What remains is then to change the pixel scale from linear units to angular units. This should be straightforward, again using the angular diameter distance. Once you know the angular scale of the pixels, you can now rebin (while keeping the pixel valuel constant) to the pixel scale of your instrument and calculate a count rate. (Note that to convert the lambda units to nu units, for example if you need to calculate Jy or AB magnitudes, the simplest thing to do is to multiply by the value L_lambda_to_L_nu keyword for the chosen filter (this is in the FILTERS HDU, see BroadbandConfigAndOutputFileFormat).
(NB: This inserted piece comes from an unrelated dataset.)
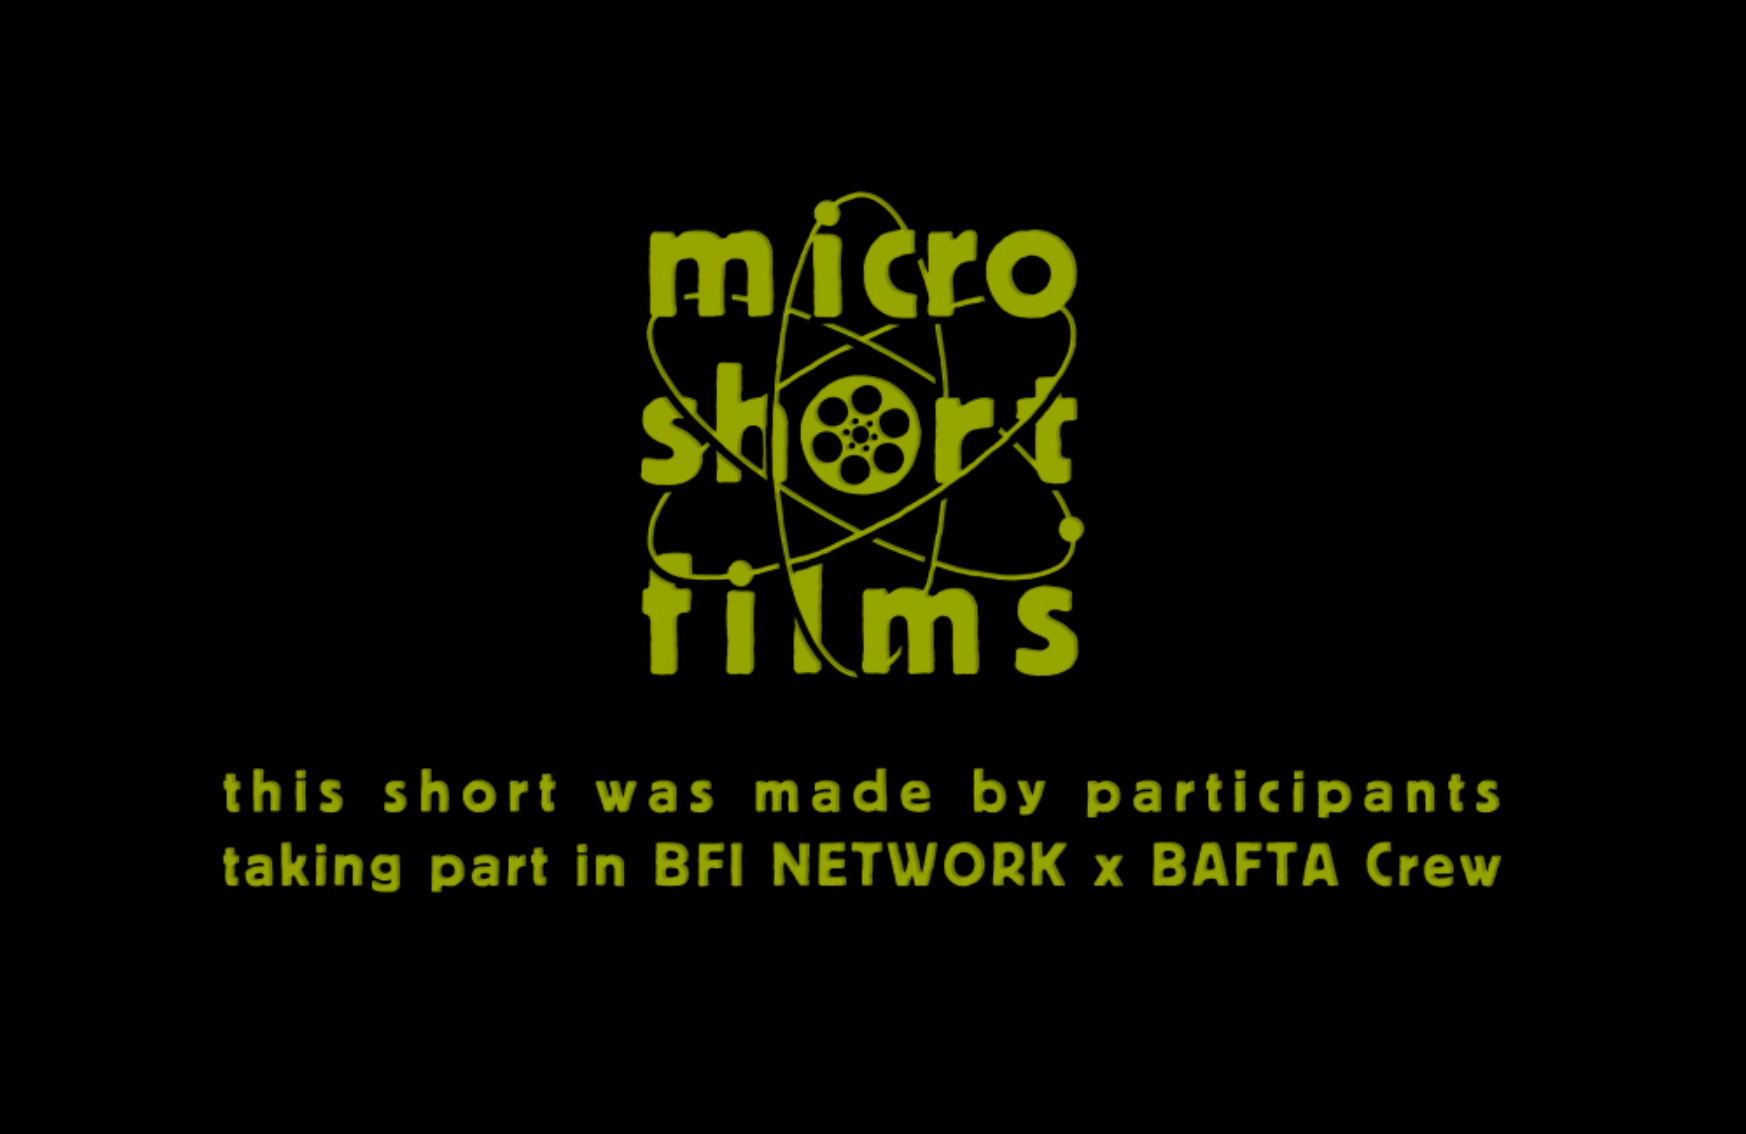 Suction – Micro short film
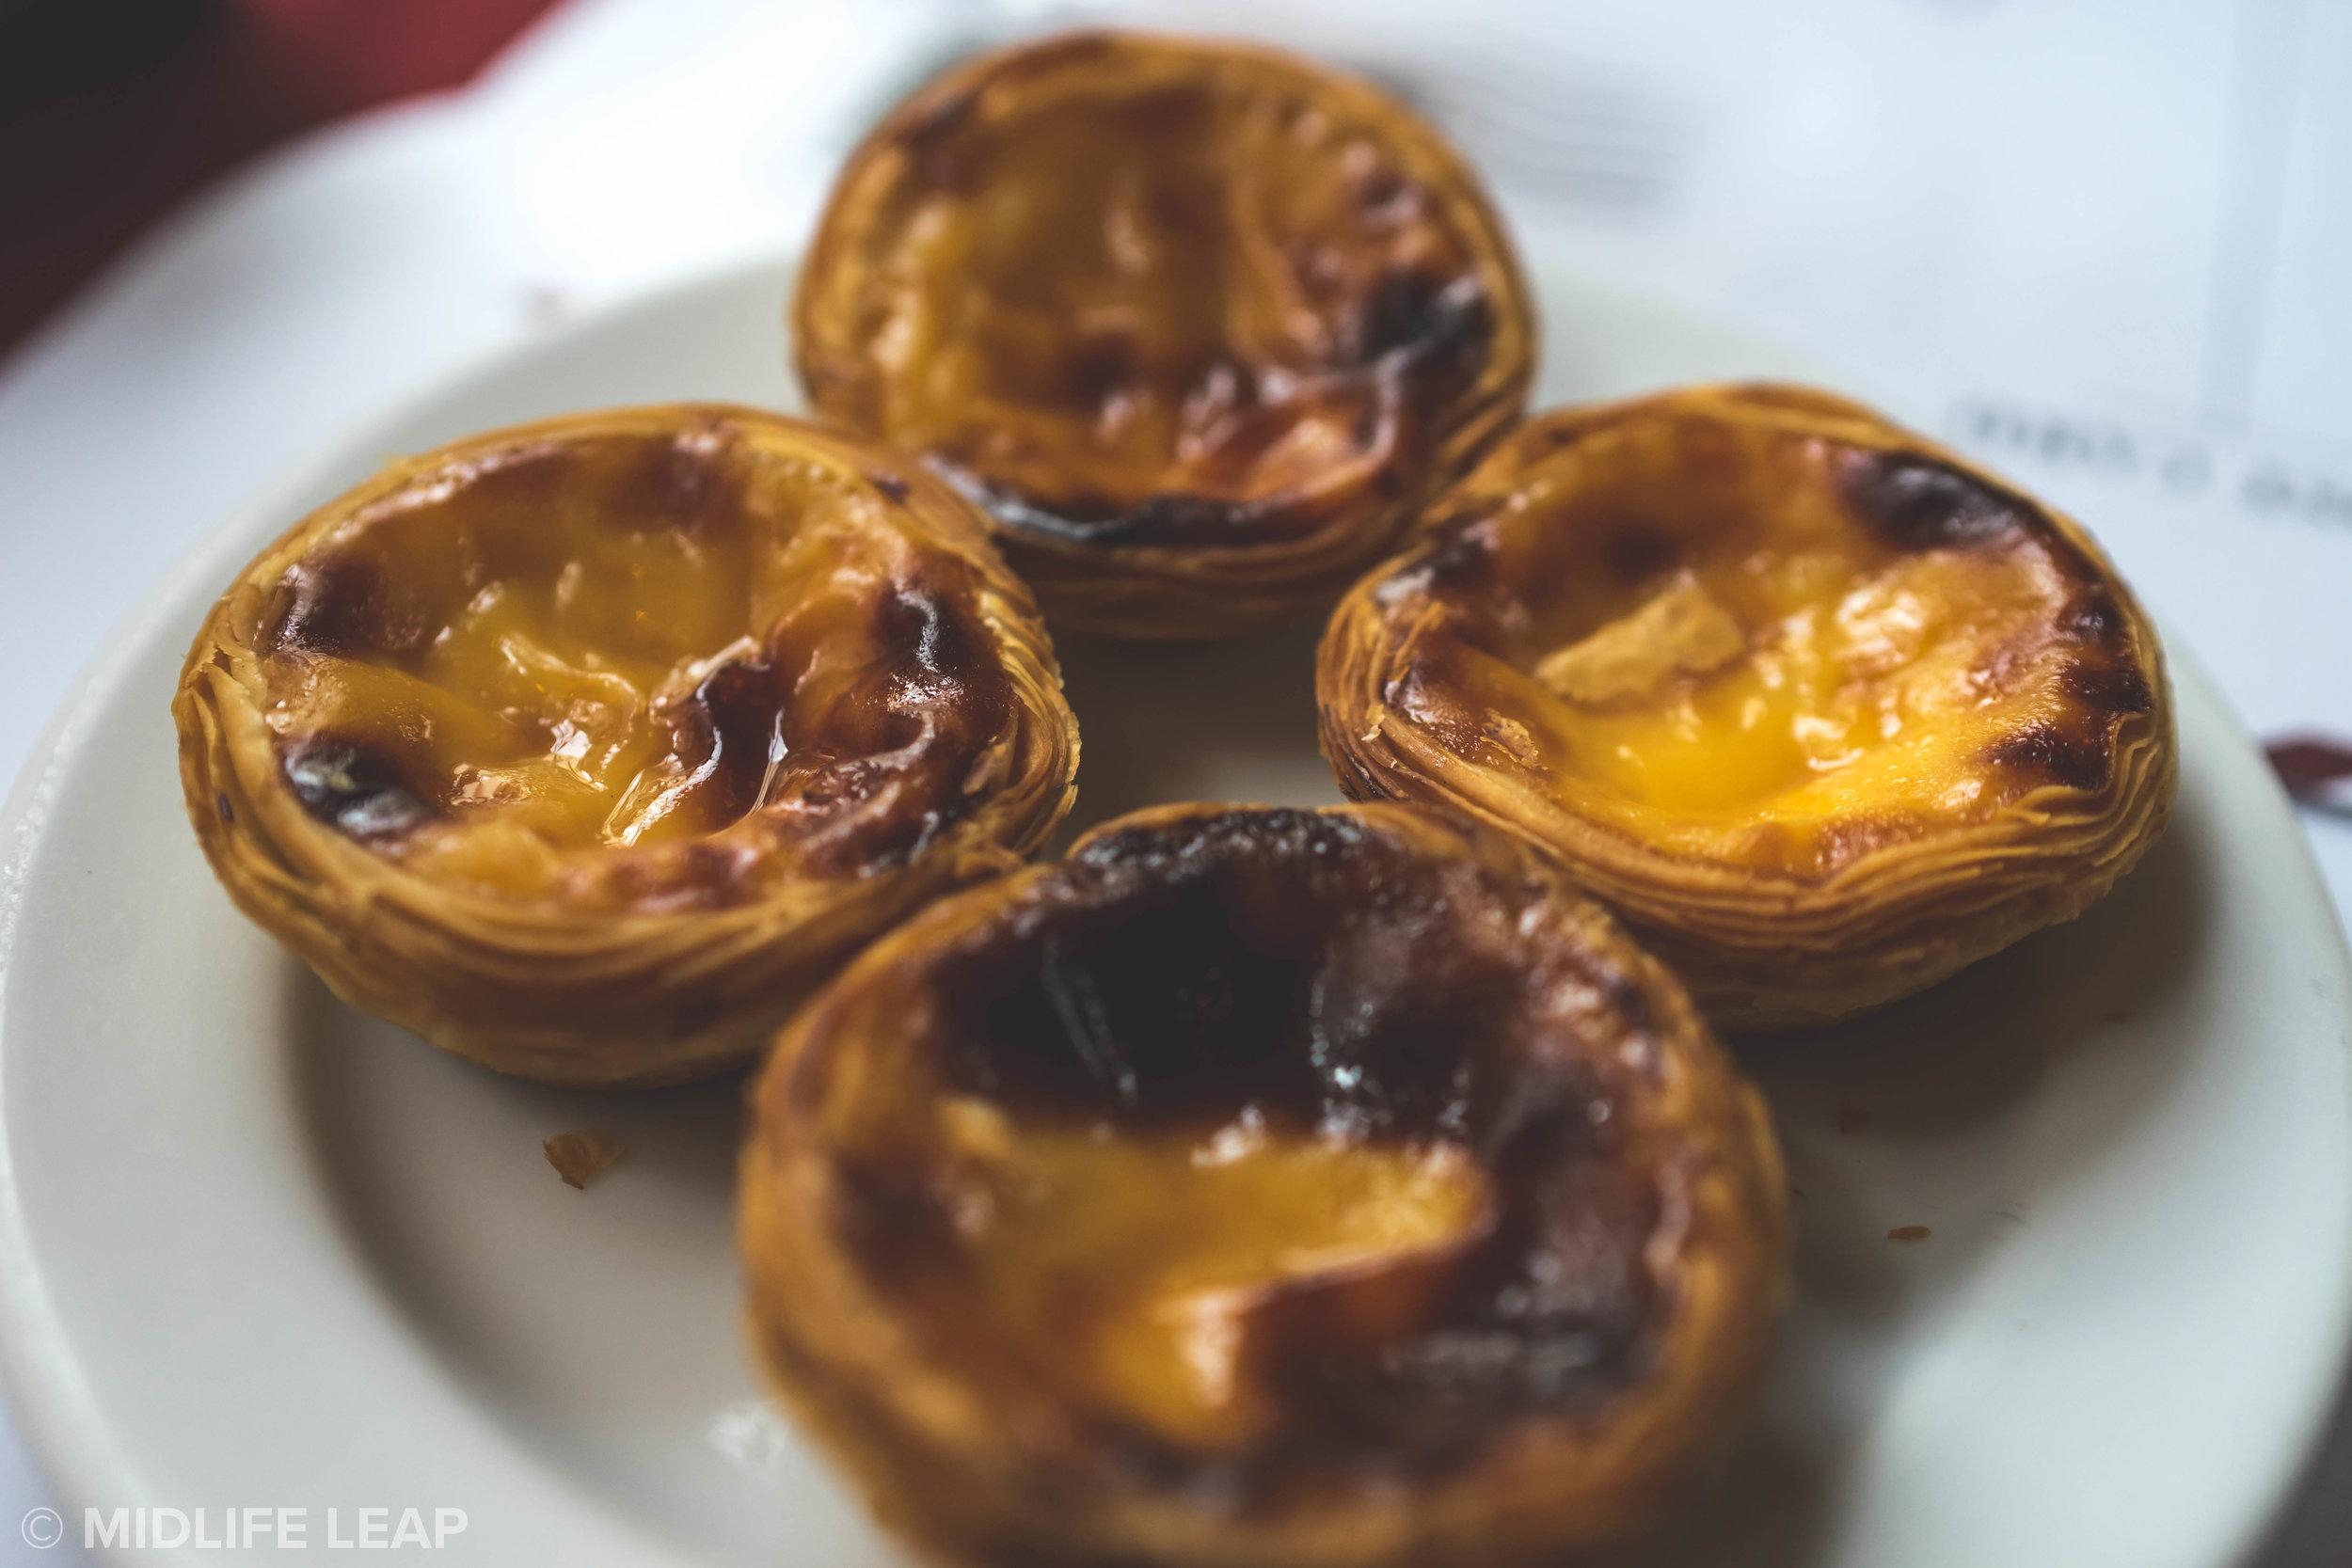 confeitaria-nacional-best-pasteis-de-natas-in-lisbon

Integrated absolute AB magnitudes

The broadband FITS files contain absolute AB magnitudes for each filter. The calculation is done in broadband.cc by the integrated_magnitudes function, but it is good to understand what it's doing, especially if you want to convert from the SEDs on your own rather than take magnitudes from the FITS file.

The zero-point for the AB system is 3.63e-20 ergs s^-1 cm^-2 Hz^-1 = 3.63e3 Jy = 3.63e-23 W m^-2 Hz^-1 (the last being Sunrise units). Thus to calculate absolute AB magnitude for a given L_nu (in Sunrise units, W Hz^-1) one uses:

AB = -2.5 log10 [ (L_nu / 4 pi (10 pc)^2 ) / 3.63e-23 W m^-2 Hz^-1 ]

In Sunrise L_nu is in units of W Hz^-1. So, all that's left is to make the units consistent above by adding a factor of (1 pc / 3.09e16 m)^2 inside the brackets. Since 2.5 log10 [ 4 pi (3.09e17)^2 ] = 90.19, we have

AB = -2.5 log10 [ L_nu / 3.63e-23 W Hz^-1 ] + 90.19

--> AB = -2.5 log10 L_nu + 34.09

when L_nu is in Sunrise units (W Hz^-1).